Kibungo goats

Jul 13 2015

After the dust and dirt of Kiwangala, the past couple of days have been spent cleaning the bits that haven't seen water for a while and it is now time to move again. Today I head east towards the Tanzania border and the Eglise Vivant at Kibungo.

A two hour bus ride from Kigali takes me to Kibungo centre. This is a small bustling town with a sizeable hospital and a modern college. A short walk takes me to the church which is located by the college. I am informed that Pastor Joseph has had to go to a meeting in Kigali. We probably passed each other on the road. His secretary is very helpful though and arranges for two boys who help at the church to show me around.

The main purpose of today's visit is to see some of the goats given by Loanhead Parish church to widows in the area. Prince and Viateur are my two guides and after protracted negotiations with three moto-taxi riders, we head out into the hills leaving three trails of dust behind us.

Our first stop is the house of Vestine, a widow whose husband died a few months ago. She lives with her young son along a dirt track perhaps three kilometres from the church. There are no shops or other facilities nearby. The goat which Vestine was given has reproduced.

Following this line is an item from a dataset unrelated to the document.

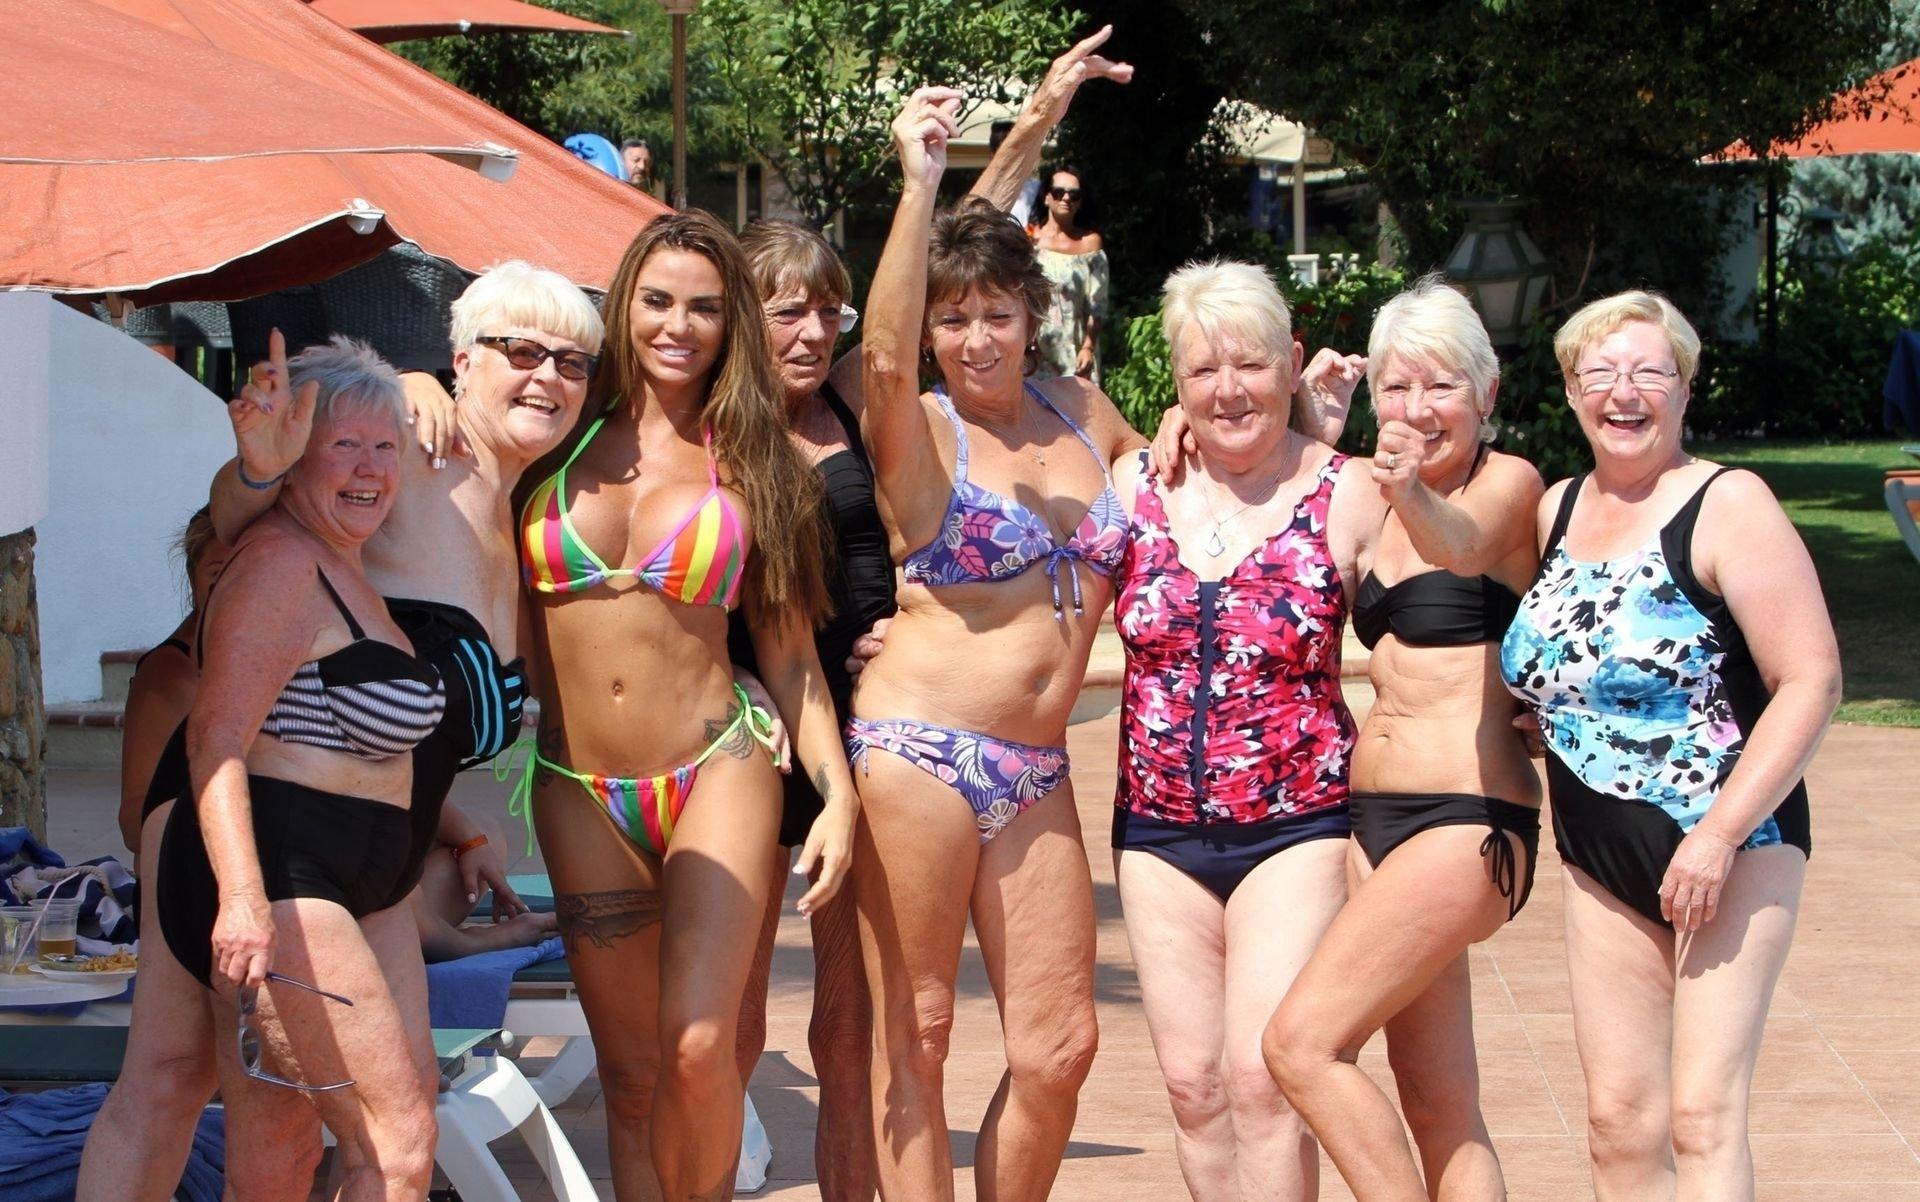 Katie-Price-Nude-Sexy-TheFappeningBlog.com-4.jpg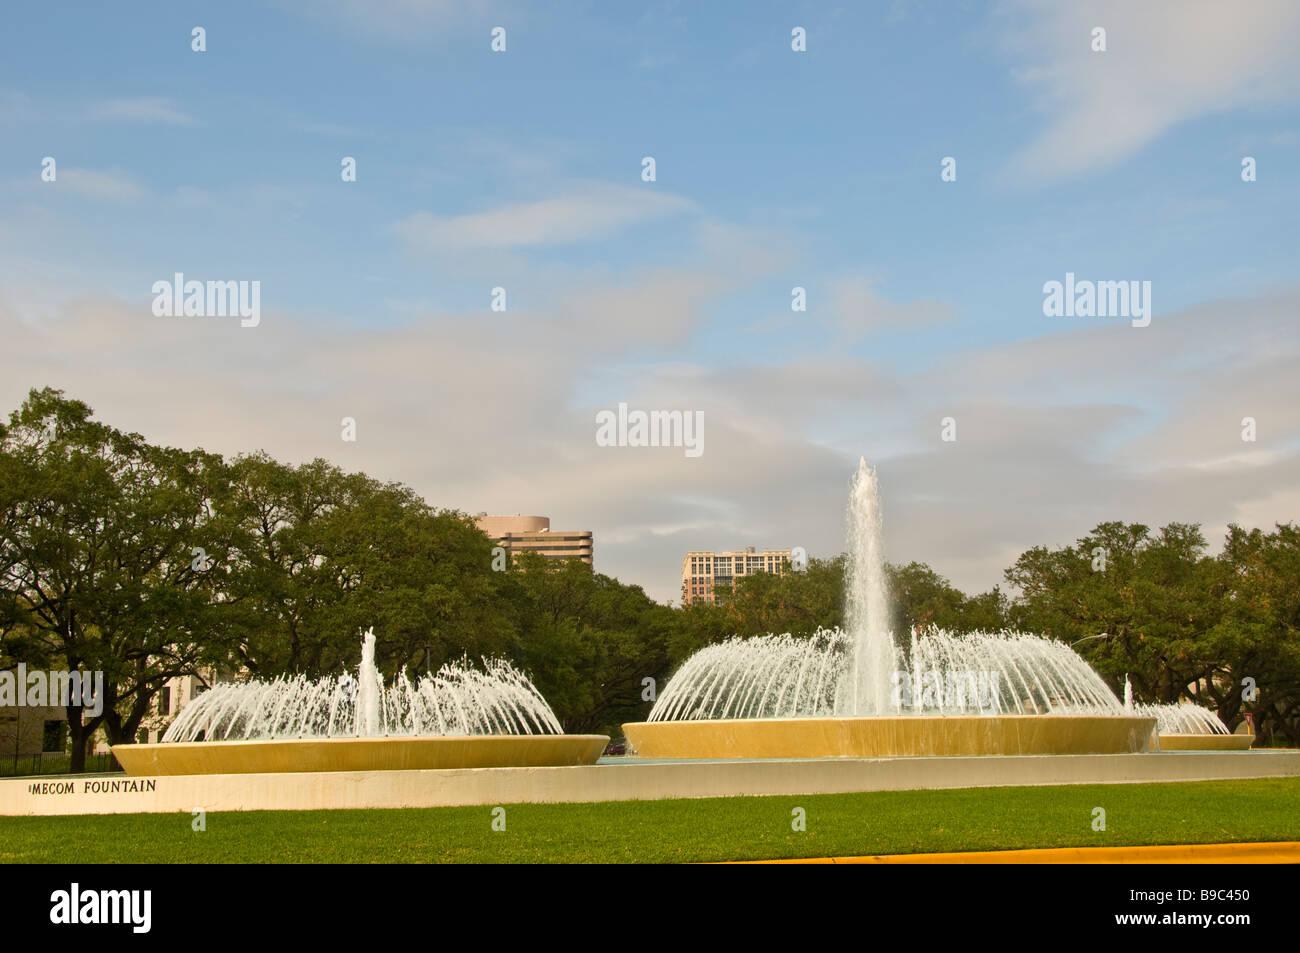 Mecom Fountain museum district Houston Texas tx city landmark fountain shooting water  Main Street at Montrose Boulevard - Stock Image

The inside of the house is spartan. There is a small table, three plastic chairs and a small wooden bench. The floor is earth. Vestine explains that she hopes to be able to build up the goats to perhaps three or four, selling off surplus animals for income.

One of the benefits of goats even before they are sold is that they produce manure. Because the land in Rwanda is so intensively cultivated, regularly fertilising is needed to produce edible crops.

Our second house-call is to Fabiola who lives on another dirt track on the other side of Kibungo. She is a genocide survivor and is fortunate to have been allocated a new-build house by the government. Her goat is kept in a pen behind the house and spends its time nibbling at anything vegetable lying around. Fabiola has a daughter at school and hopes that her animal will be able to reproduce and allow her to pass one of the kids onto someone else in the church.

Our moto-taxis drop the three of us back in Kibungo just in time to enjoy a quick, cold Fanta before catching the bus back to Kigali. The thinking behind giving out goats is that families with no other means of supporting themselves can develop a sustainable means of generating income. This is definitely a long-term strategy but from what we have seen today the families who have benefited should be able to look forward to a better future than they might have had otherwise.